Temperamental to begin with, I’ve made great strides this year in allowing inconsequential, insignificant bullshit to fall away from me like girls at a dance-club overwhelmed by repugnant aftershave, but these advancements have been harrowingly undermined by the galaxy of dynamite surreptitiously buried in my embattled cranium, little volatile globs of plastic-explosive with the fuses cut short and awaiting but the faintest of sparks. Unfortunately, hormonally-decadent pregnant women do not produce "faint" sparks, and the clash of the deliriously demented and the effusively emotional produced a cataclysm that was nothing short of extraordinary. I deviously managed to both hoist the white-flag of reconciliation and lob tear-gas at her in equal doses until I exhausted myself, leaving her to presumably stand above my prone, sleeping form imagining what, exactly, it might feel like to strangle the life out of me.

Suffice it to say, and despite the fact that there has been more Advil popped and apologies offered in the past week than in the totality of our previous seven years together, things are running smoothly. The girlfriend is glowing and giddy with child, and I am head down in my writing. Also, for the record, I am currently completely shitting the bed at softball.

Thanks for waiting.
spit out at 1:13 AM

7 Comments:

Nice to know you're still breathing.

Mostly.

6/02/2009 9:39 AM  

so you're batting "clean up"?

6/02/2009 12:23 PM  

Nice to see you again! At least you've got an excuse for disappearing. Me? Not so much.

6/02/2009 12:36 PM  

good to hear herself is doing well.
You, you'll live.

6/02/2009 2:09 PM  

The other day I used bolt cutters. Took a lot longer to cut a padlock than I thought it would. In the movies they're all, "Boom. Gone. Eat it."
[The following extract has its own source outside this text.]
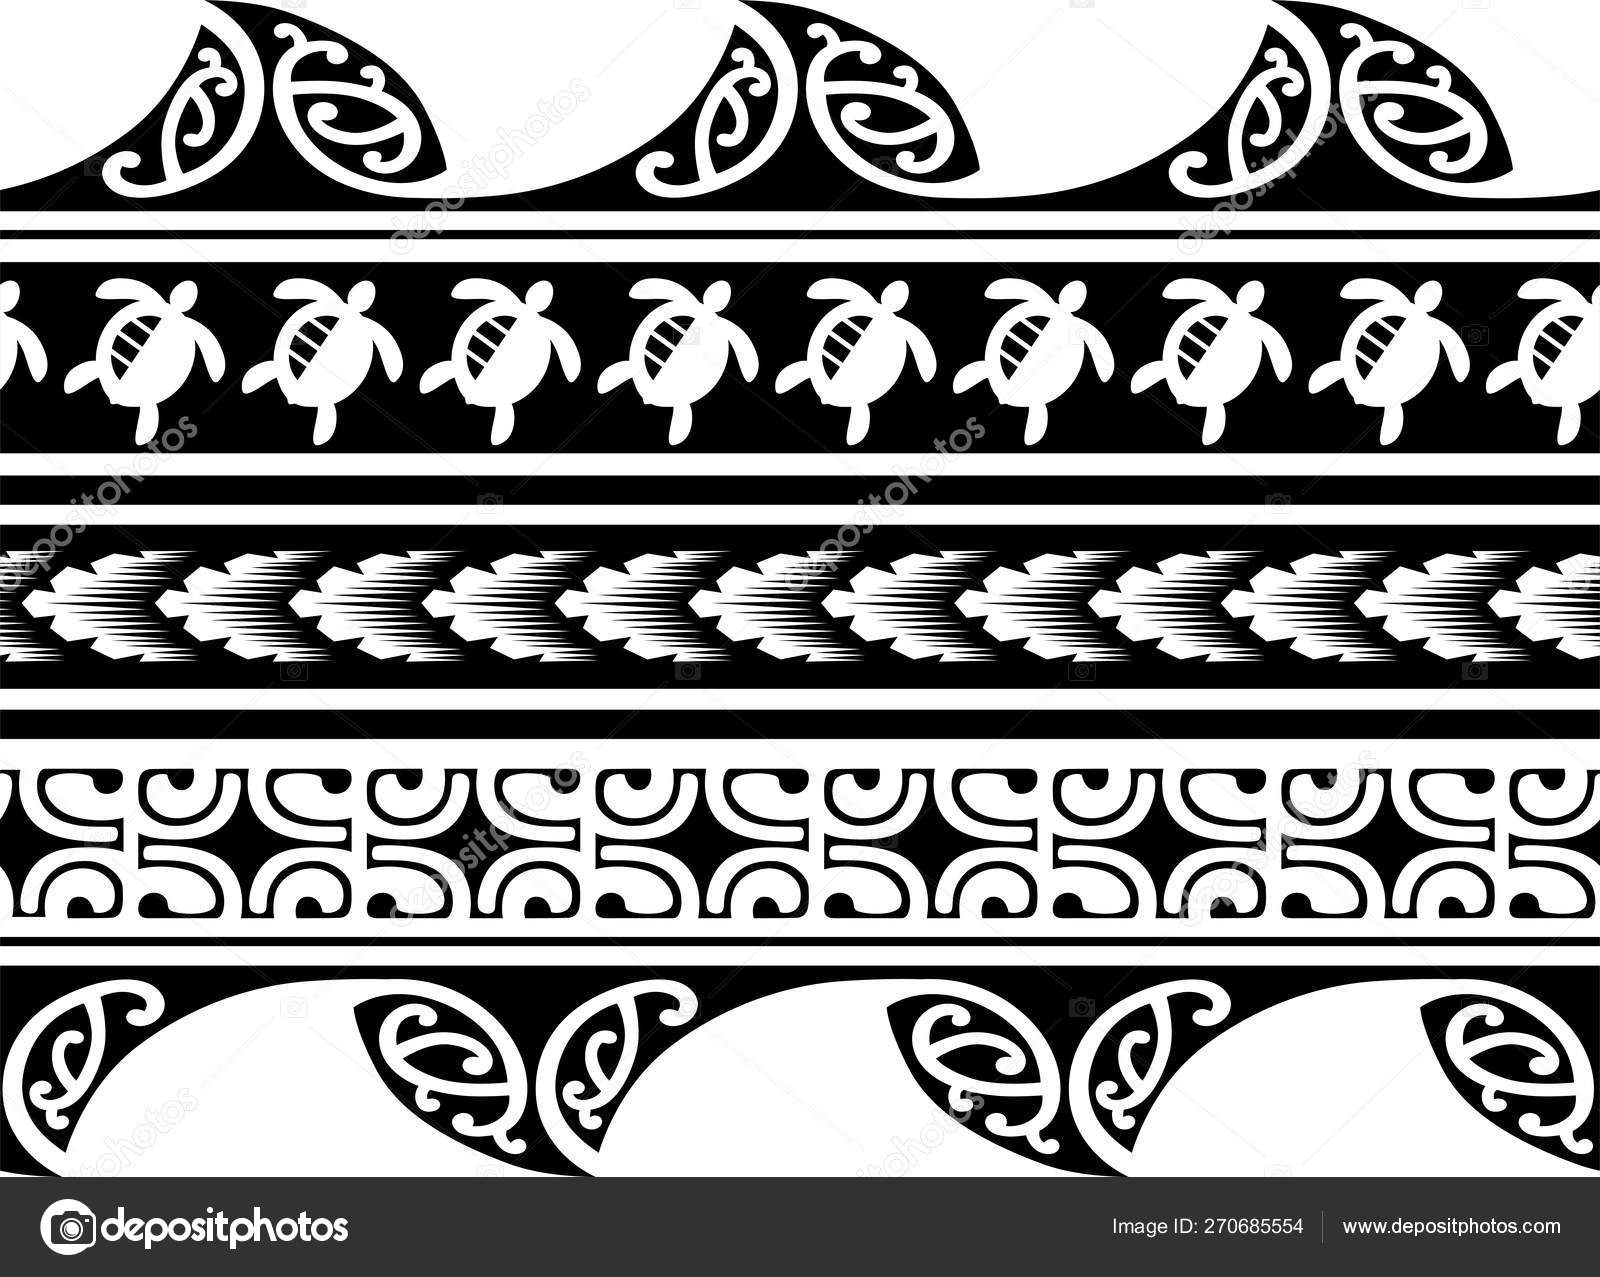 Tattoo Tribal Pattern Design - HD Wallpaper 
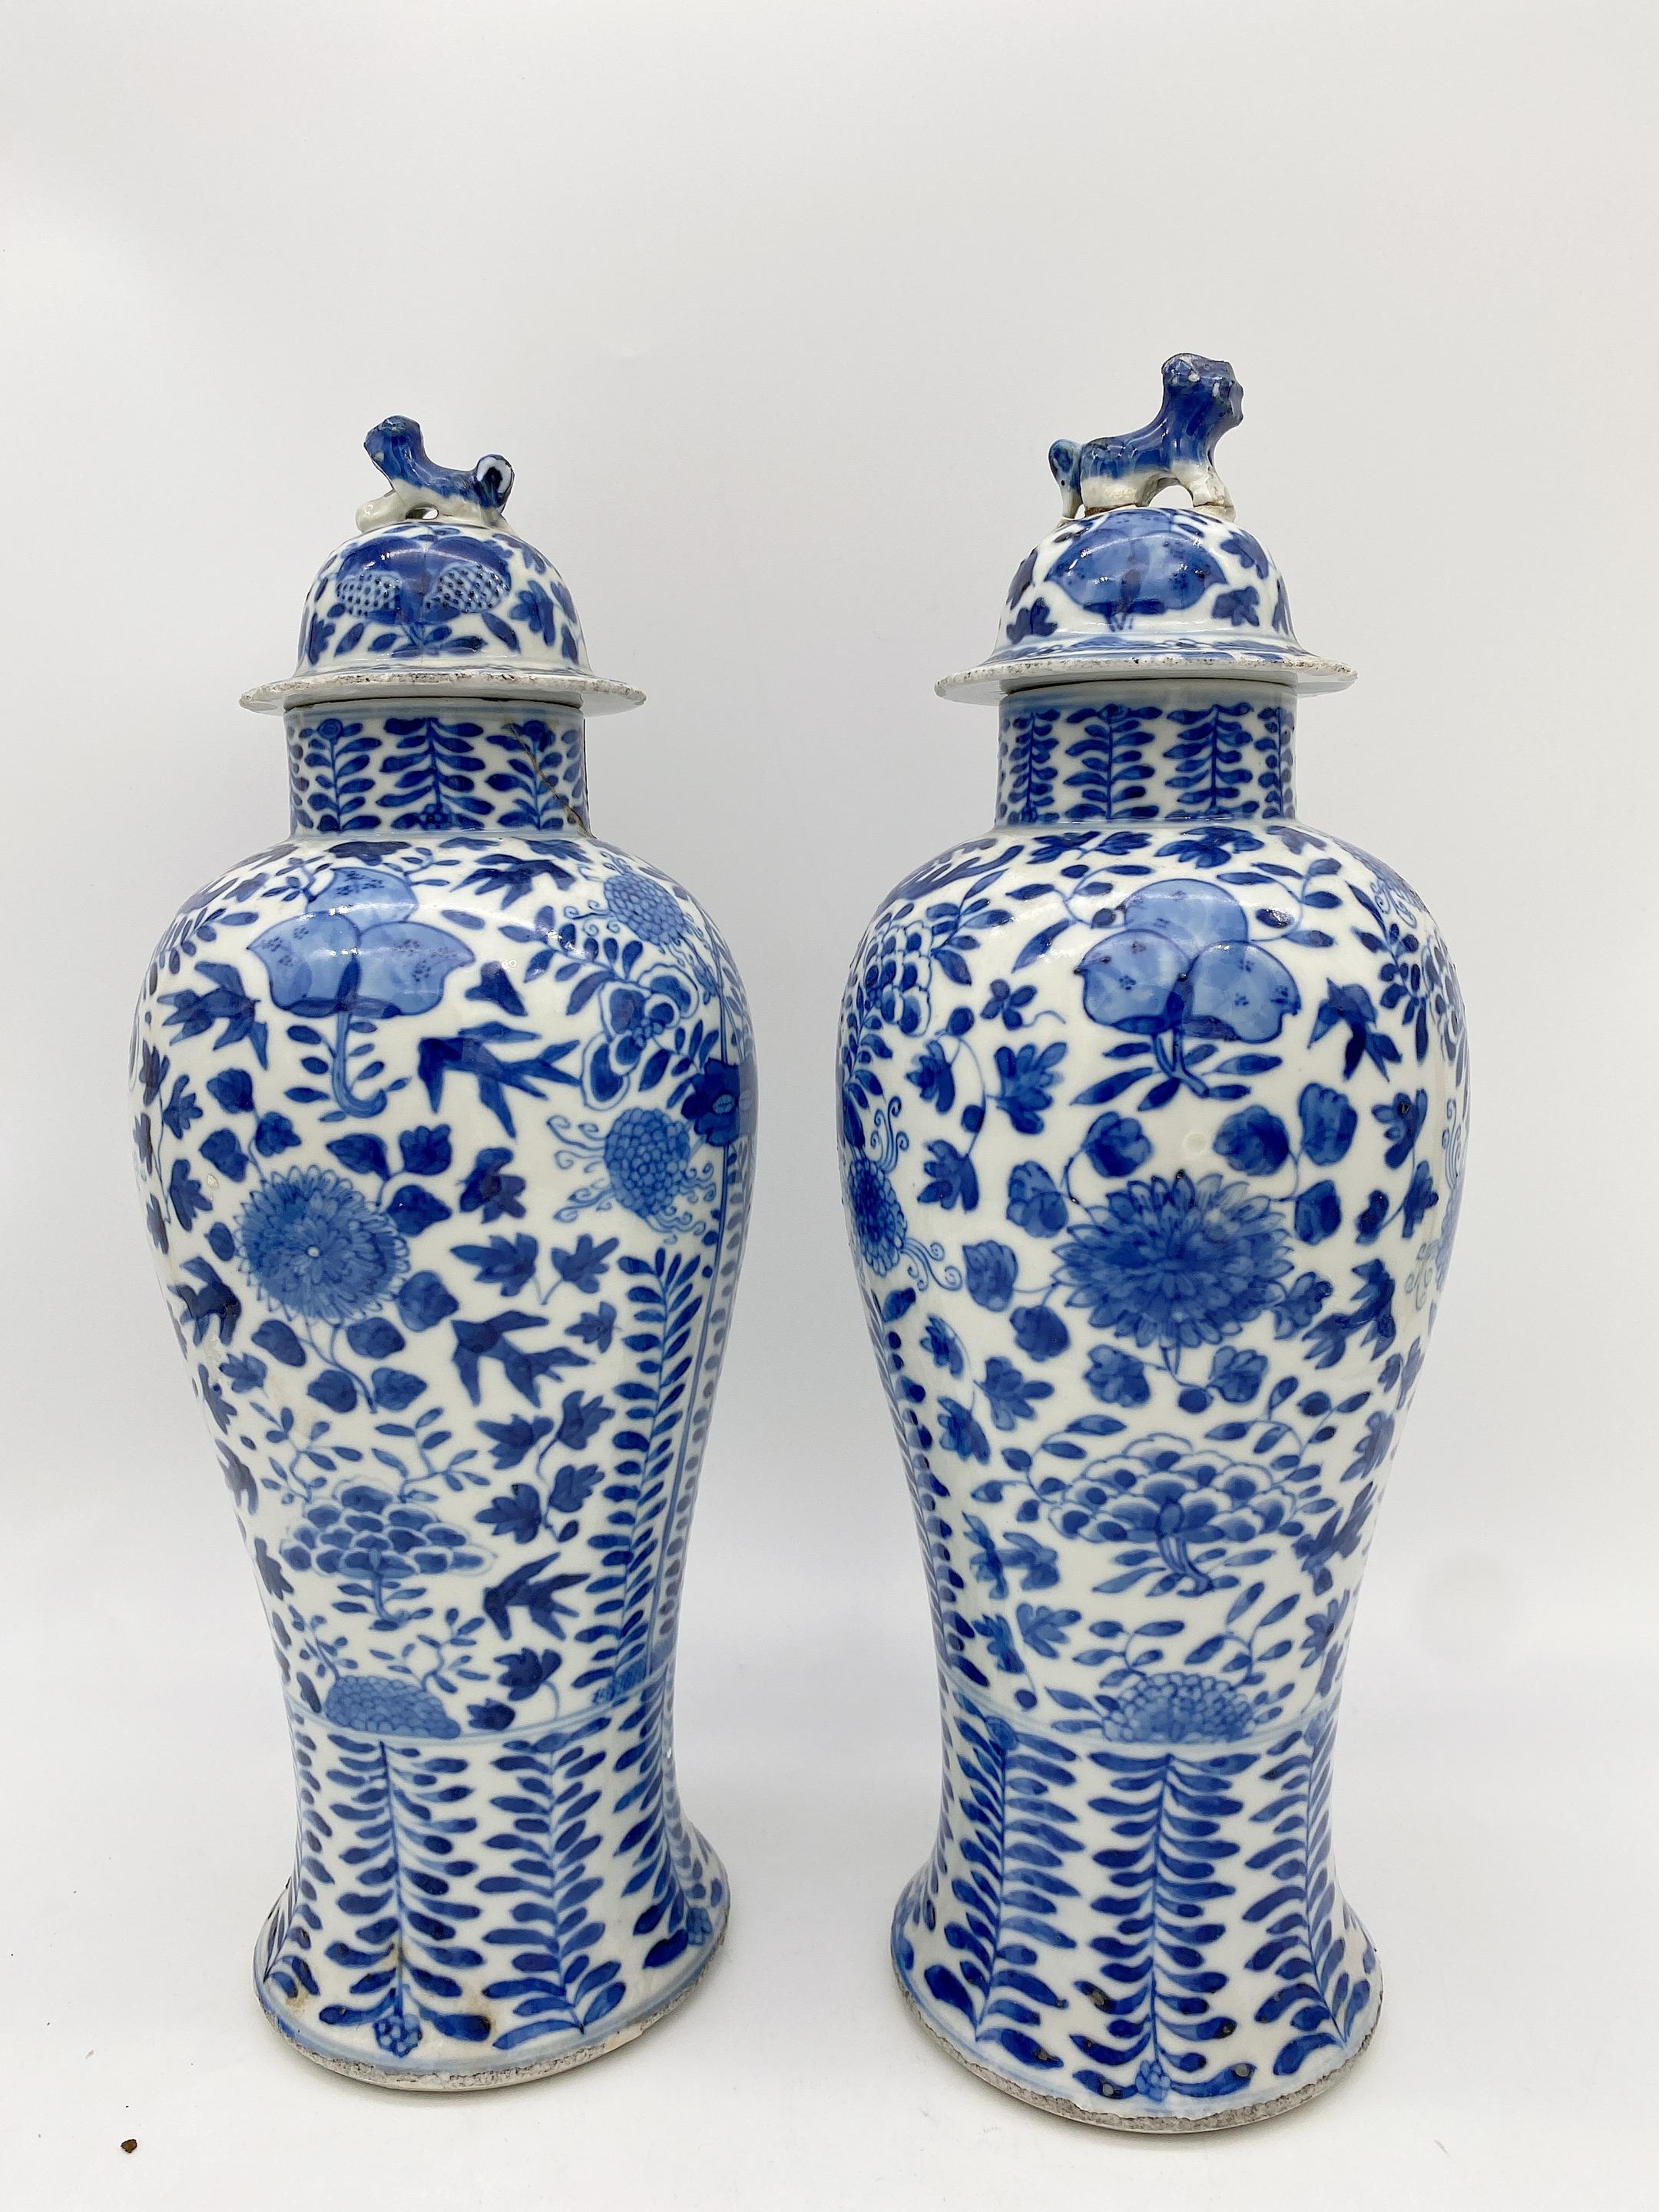 Paire de jarres et couvercles en porcelaine bleue et blanche de la dynastie Qing, 2 des 5 ustensiles sacrificiels, les couvercles avec des lions en forme de fleurons, décorés avec des fruits et des branches, les jarres sont endommagées au niveau du

I guess this has nothing to do with shredding muscles and fighting with preggers, but I'm just saying.

Physical exertion is hard.

6/02/2009 2:32 PM  

Wha-da-wha-da-whaaaaaaat? I really did think you were dead.

6/02/2009 6:43 PM  

Boomer: I see what you're saying: it's almost nice I'm not dead.

Jamers: I will bat "clean up" on your face. I will also advise you to visit the burn ward, because that was at least second-degree.

Wolf: It's more fun when there's no excuse.

Xbox: The girlfriend is waddling - it's awesome.

Rass: I've actually never used bolt-cutters. Now, after hearing that it isn't like the movies, I probably never will. I have no need for that kind of disappointment.

Mongogogirl: Nope - still kicking. Literally.